Господина Вильсона позабавила моя реакция, и он косо улыбнулся. Лучше бы ему этого не делать, поскольку в такие моменты его лицо преображалось из просто остро холодного в демонически неприятное, словно вот-вот из-за спины покажутся крылья падшего ангела, или откроется дверь в ад.

– Да ладно, расслабься, с этим вполне можно жить. Когда ты находилась еще в России?

– Семь дней назад, – не понимала я, к чему он клонит.

– Хорошо, у меня еще в Швейцарии много дел и я, скорее всего, останусь месяцев на семь. Между мной и тобой, когда ты вернешься в Россию, будет нормальное расстояние, надеюсь. Я тебя достаточно хорошо ощущал даже десять дней назад, а значит, на ближайшие семь месяцев ничего не придется менять, если ты, конечно, не решишь переехать на другой конец своей необъятной страны. Может, и там расстояние терпимое, хотя сомневаюсь.

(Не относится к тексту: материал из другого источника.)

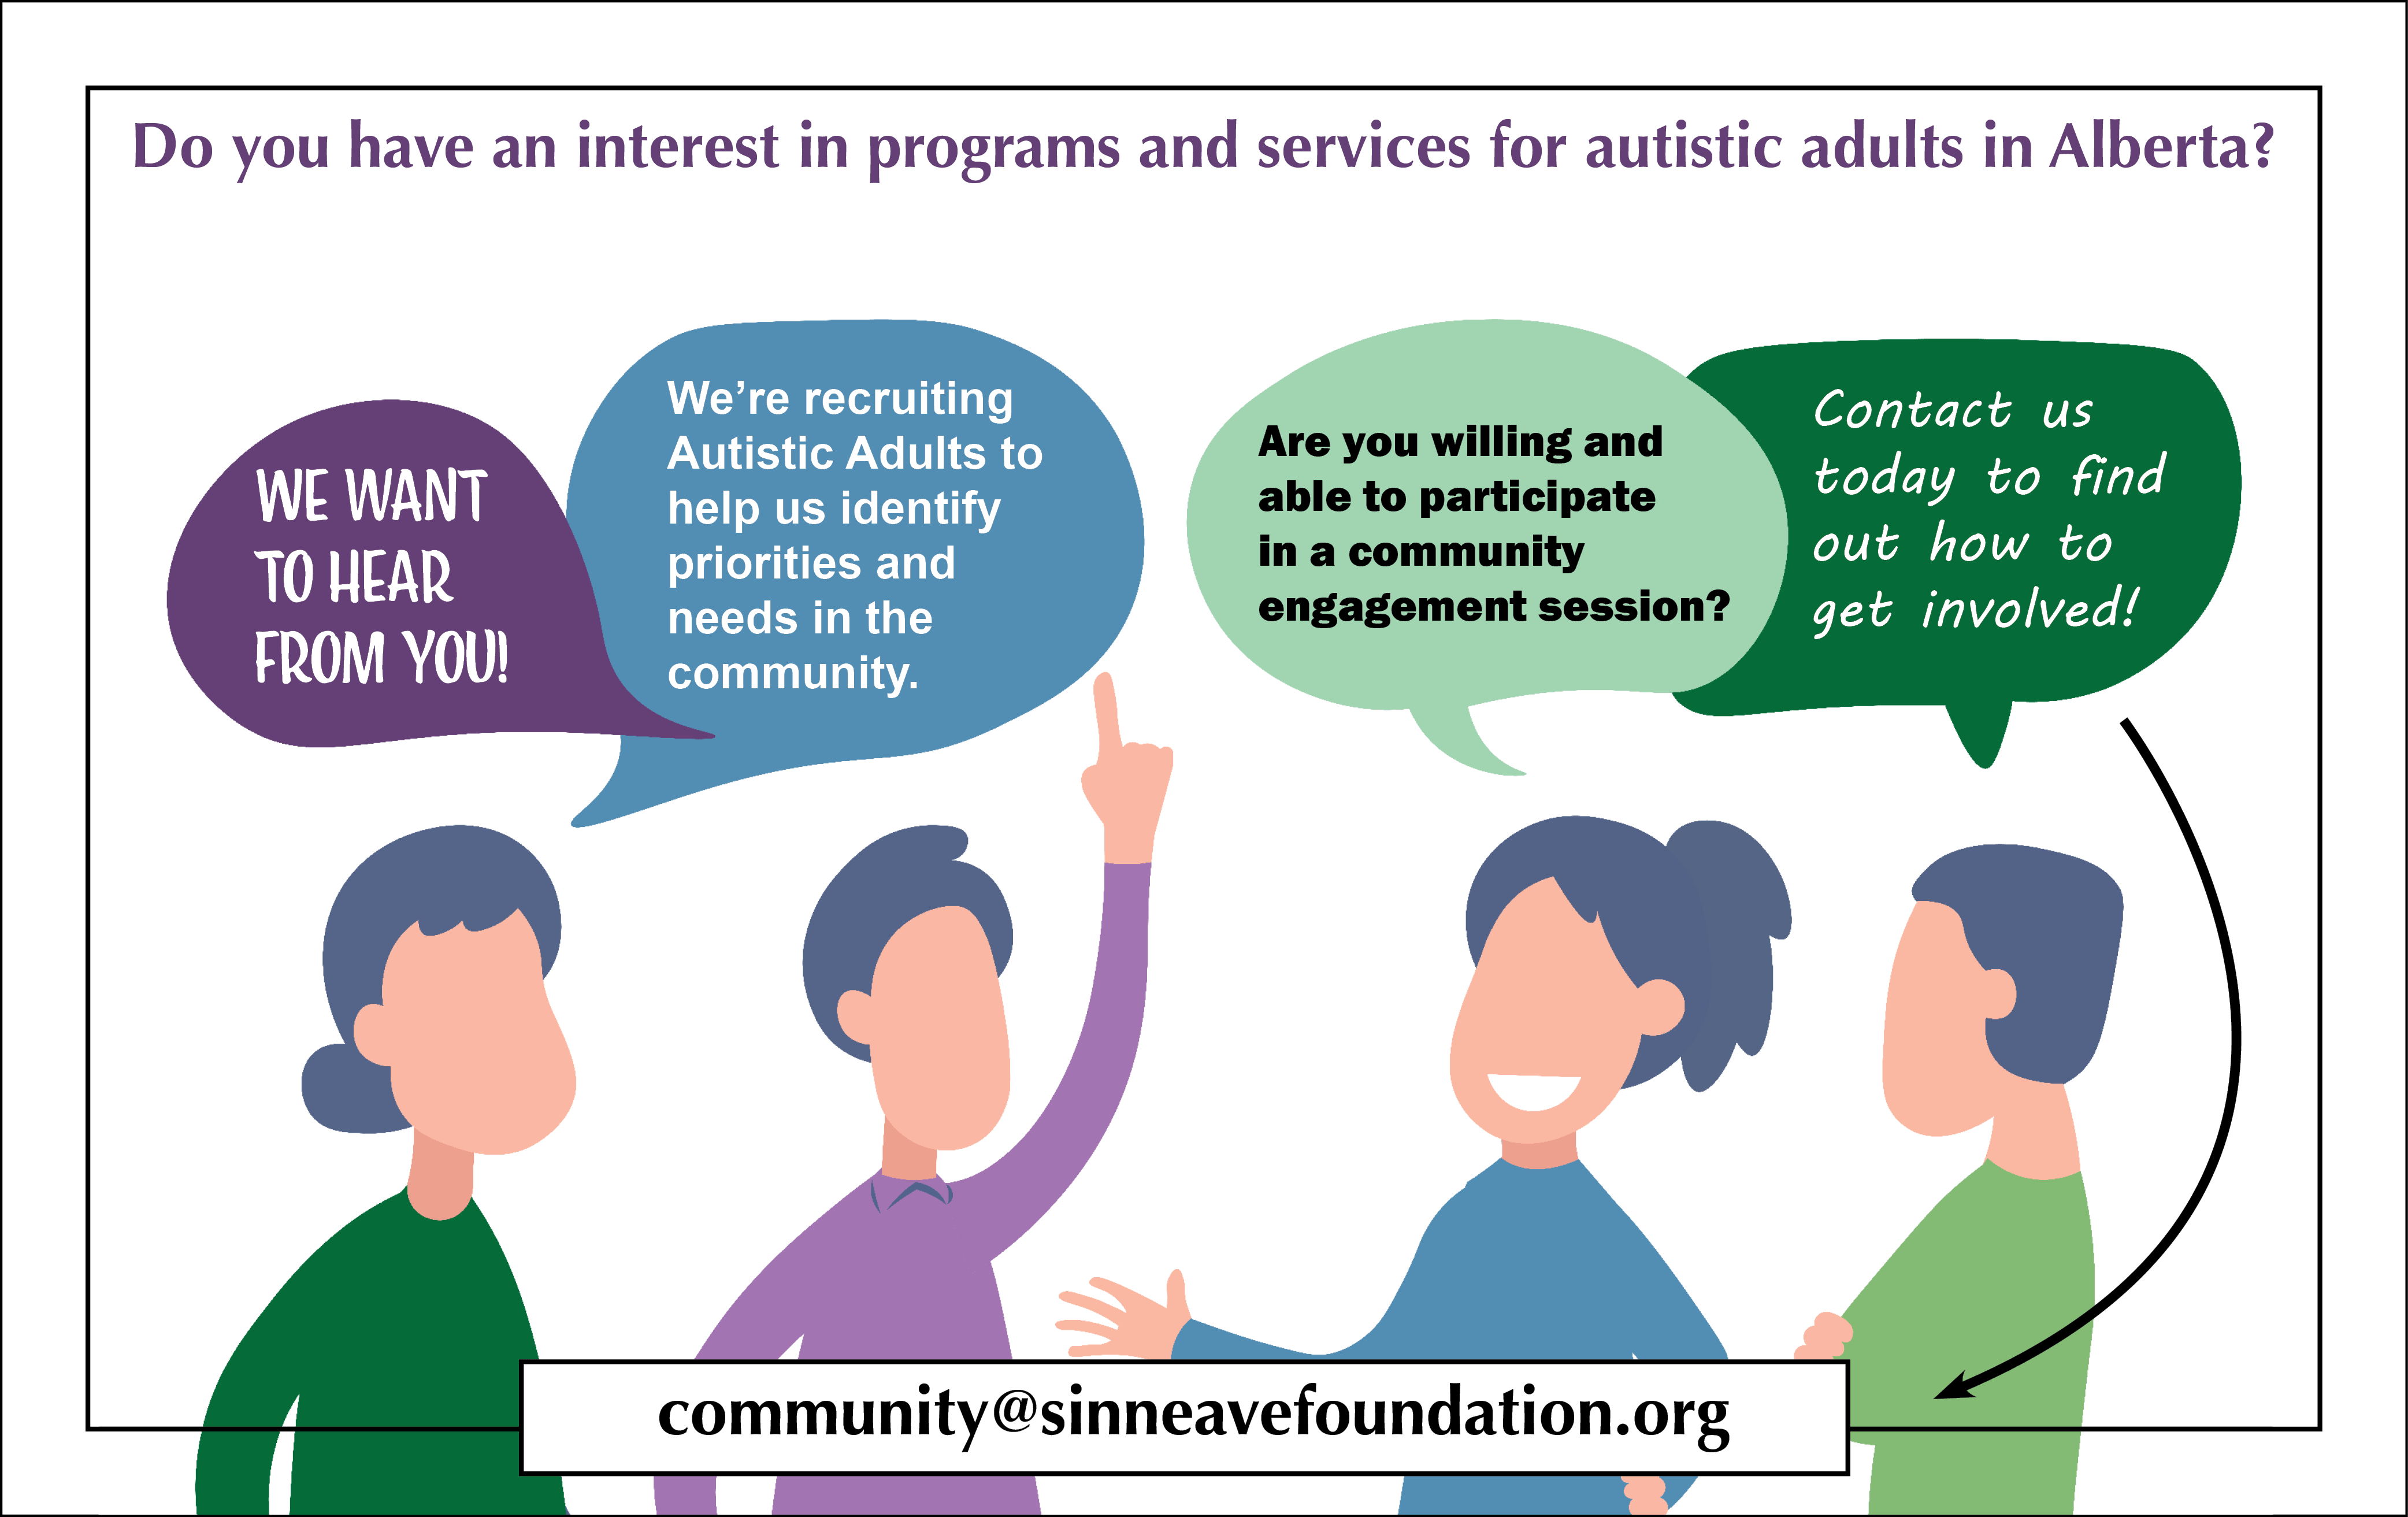 Feedback, autistic adults, community engagement, input, programs, services

Так что на тот случай, если застопоришься на месте и не сможешь сдвинуться, знай, ты слишком далеко от меня.

Я прижала к груди колени и обняла их дрожащими от всего пережитого руками. Он взглянул на меня, и на миг в страшных зеленых омутах отразилась отвратительная жалость.

– Думаю, все основные моменты я затронул. Запиши мой номер, он будет всегда доступен на случай, если тебе вдруг понадобится далеко уехать.

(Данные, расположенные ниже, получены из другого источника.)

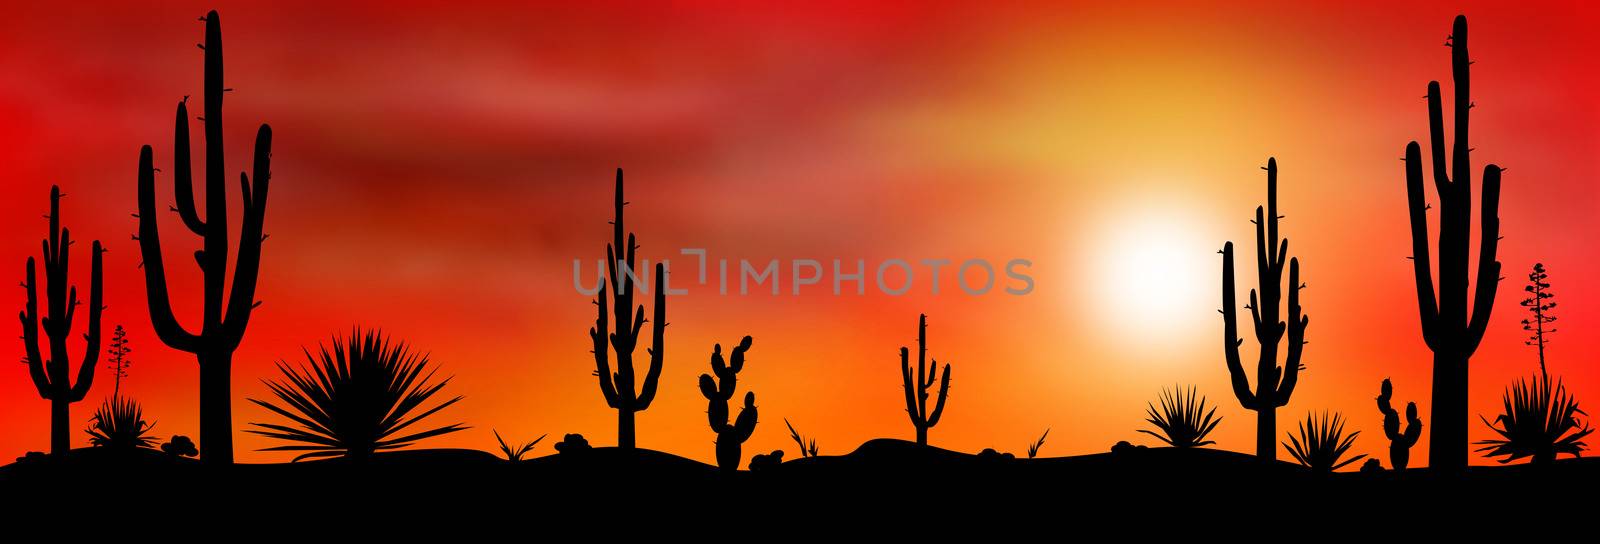 Sunset in the Mexican desert. Silhouettes of stones, cacti and plants. Desert landscape with cacti. The stony desert.

Я достала из куртки сотовый и сохранила набор цифр в телефонной книге, долго соображая, как бы правильнее записать их обладателя. 'По фамилии слишком прозаично, а 'моя личная часть энергии' вообще не проходит никакую критику', – подумала я и скоренько натыкала кнопками 'Даниэль', а затем продиктовала ему свой номер, начисто игнорируя твердое правило никогда не сообщать посторонним людям личные данные.

Он встал и, развернувшись, направился к двери.

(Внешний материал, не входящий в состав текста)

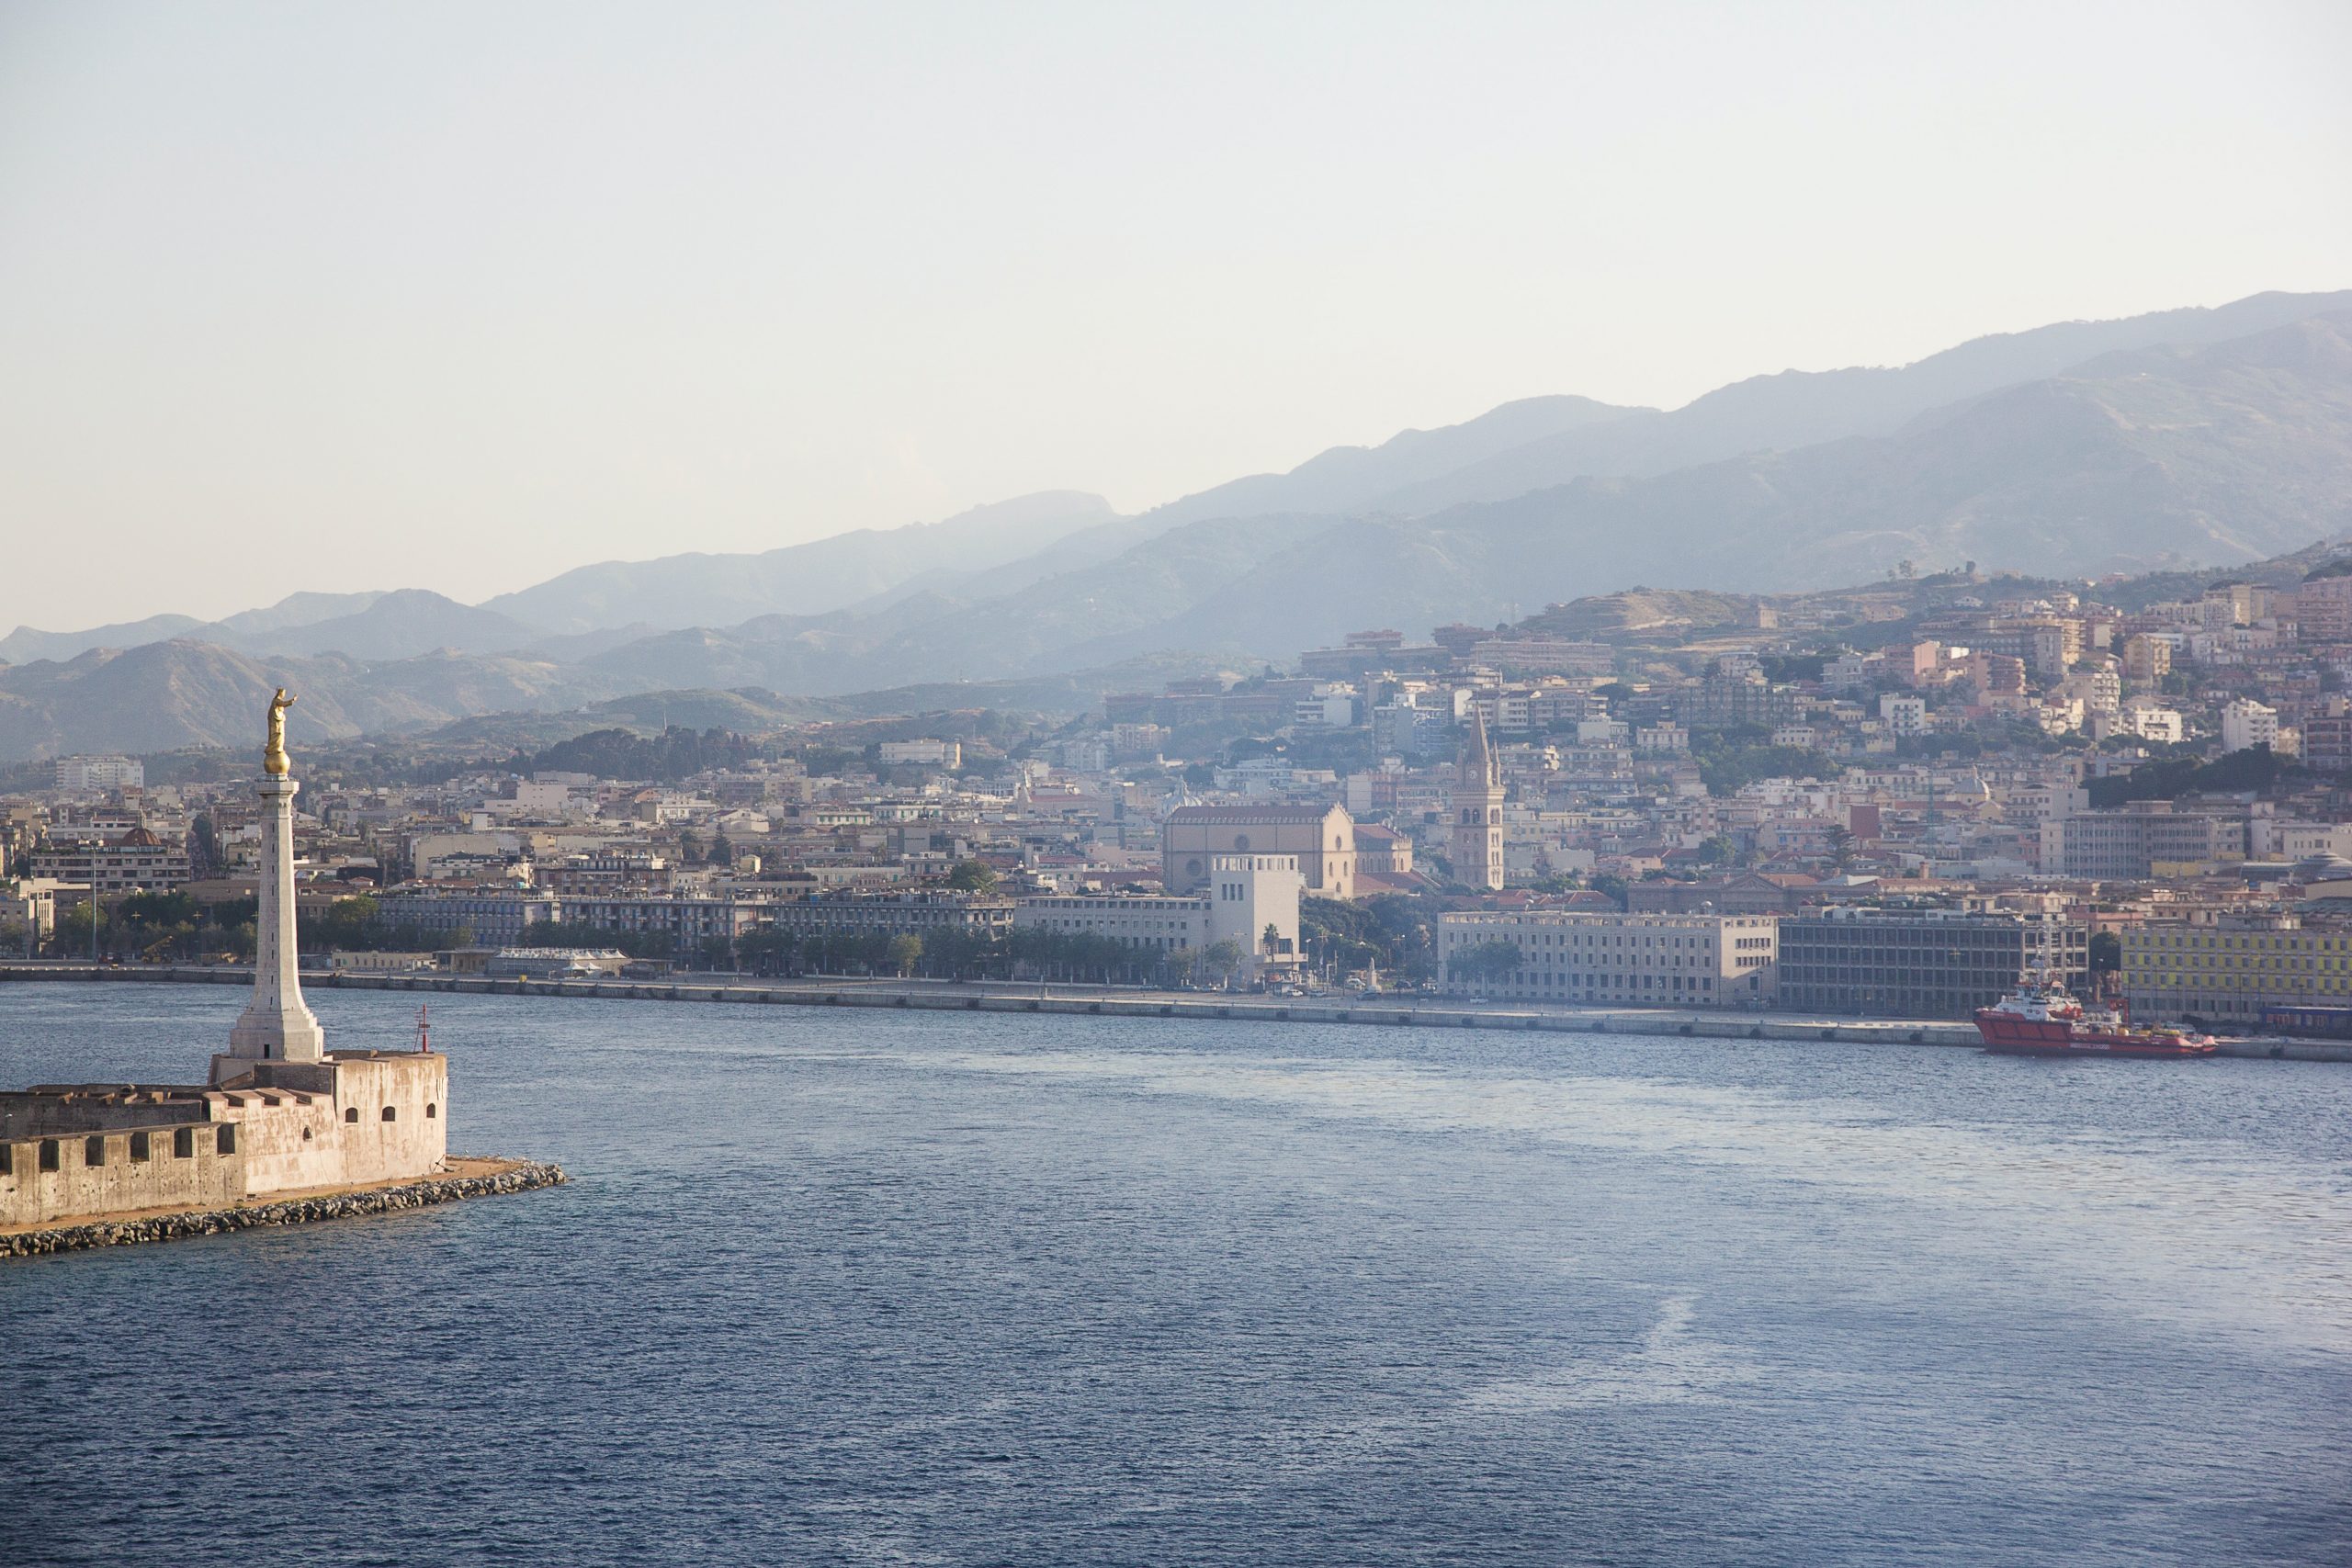 Messina as seen from the shores

– Удачно отдохнуть, Арина, – усмехнулся мужчина через плечо, голосом, не предвещавшим для меня ничего хорошего, и закрыл за собой дверь.

Я положила голову на притянутые колени, ощущая истощение и бессилие. Для того, чтобы улегся в голове весь рассказ Даниэля, потребуется еще немало времени. Сейчас многое не получалось осмыслить, и вопросы все прибывали и прибывали: 'Что меня ждет дальше? Что я буду делать через семь месяцев, неужели придется переезжать? Кто сотворил со мной эту дурную шутку, и почему вообще рождаются два связанных человека, помнящих прошлые жизни?' Еще немного, и голова бы взорвалась от жгучей неопределенности будущего и абсурдности настоящего. Единственное, что теперь я знала наверняка, что жизнь больше не будет прежней, она повернулась вокруг своей оси на сто восемьдесят градусов и продвигает меня в другом неожиданном направлении, которое я не смогла бы себе вообразить даже в самом кошмарном сне.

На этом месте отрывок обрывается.